Using the graphical representation it is possible to click on the tree nodes to display their properties.
Swapping, Memory limit reached and Effective time are some of the significant properties when identifying a bottleneck.
Note that each one of the nodes at the bottom, also called leaf nodes, contain information about an access to a data source. Its properties Execution time, Response time, SQL sentence and Connection time are also relevant in the study of bottlenecks.

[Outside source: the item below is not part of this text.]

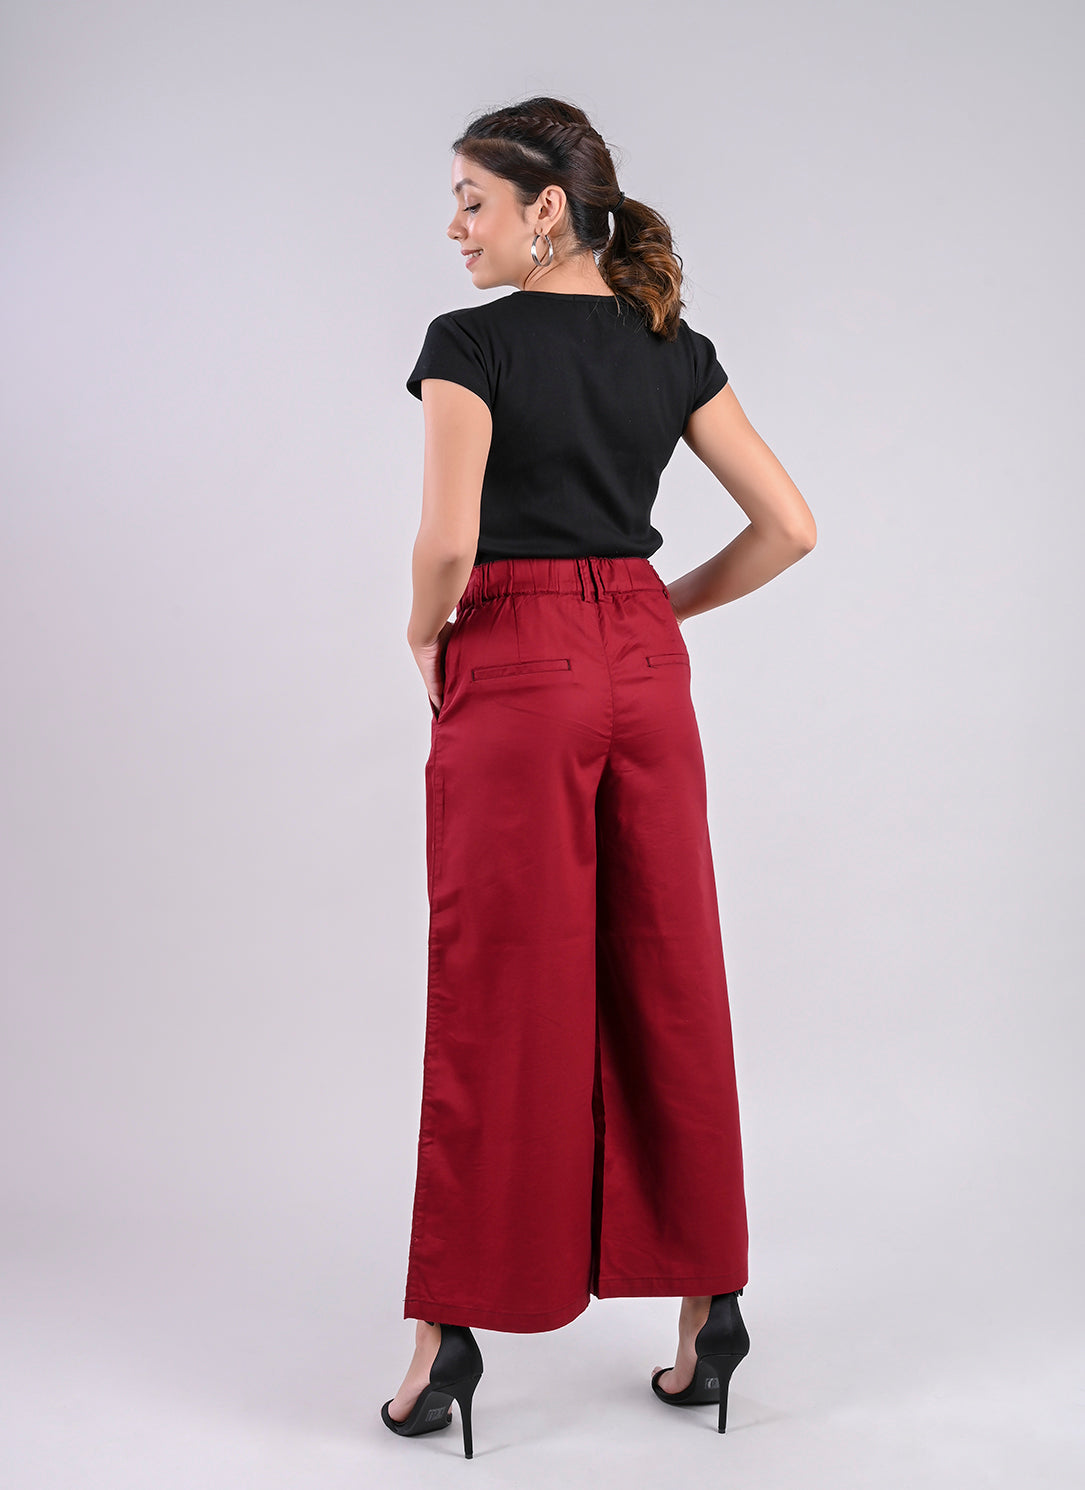 PLEATED PALAZZO PANTS IN PUMPKIN SPICE

Detailed information about these properties and how to interpret them in sections ‘Identifying the bottleneck’ and ‘Solving the bottleneck’.
If the performance of a query is not as good as expected, the first step is to analyze if the cause of that long query execution is directly related to that query or if it is a consequence of a general degradation of the server that may not be related to that specific query (for instance if the Denodo server has reached the maximum memory limit available in an environment with high concurrency). This document is focused on analyzing the performance of a query that is not affected by other external factors. The latter cause will be the subject of a future document in these series but take into account that it is possible to review the overall state of the system using the Diagnostic and Monitoring tool (for real time information) or the Denodo Monitor Tool (for historical information).

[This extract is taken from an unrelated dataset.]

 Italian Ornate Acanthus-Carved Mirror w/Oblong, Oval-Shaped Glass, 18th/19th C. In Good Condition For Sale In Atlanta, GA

In order to identify where the bottleneck is the first step is to determine the dominant factor in the total execution overhead: the source, the client or Denodo. For this, the information displayed in the graphical representation of the execution trace of the query is usually the best source of information.
Let’s start the troubleshooting process by taking a look at the client side.

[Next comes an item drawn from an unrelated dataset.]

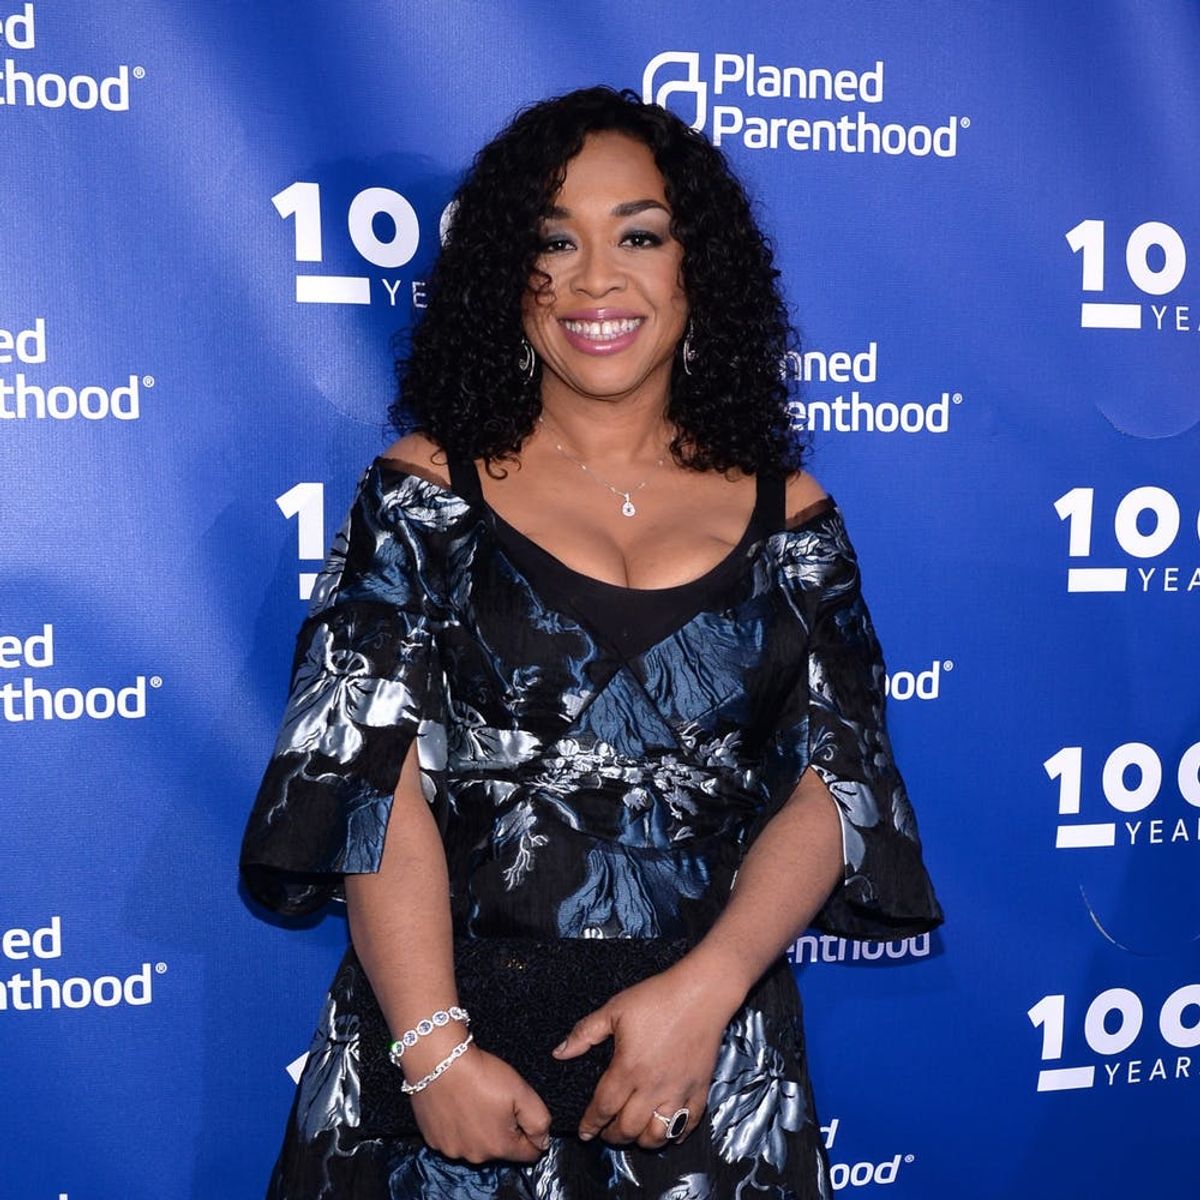 Here’s How Shonda Rhimes’ Netflix Originals Could Be Different from Her Other TV Shows

If the client application is reading the results slowly, Denodo will start accumulating the result rows that are waiting to be delivered in a memory buffer. In order to avoid using too much memory, when this happens Denodo may need to pause the query execution until the client application has read more rows.
To identify this situation review the top node of the tree diagram and check if the parameter Memory limit reached has been achieved.
If this happens, it is possible to measure the impact of the client processing by executing the same query adding the option 'cache_return_query_results'='false' in the CONTEXT clause.
select * from test CONTEXT('cache_return_query_results' = 'false')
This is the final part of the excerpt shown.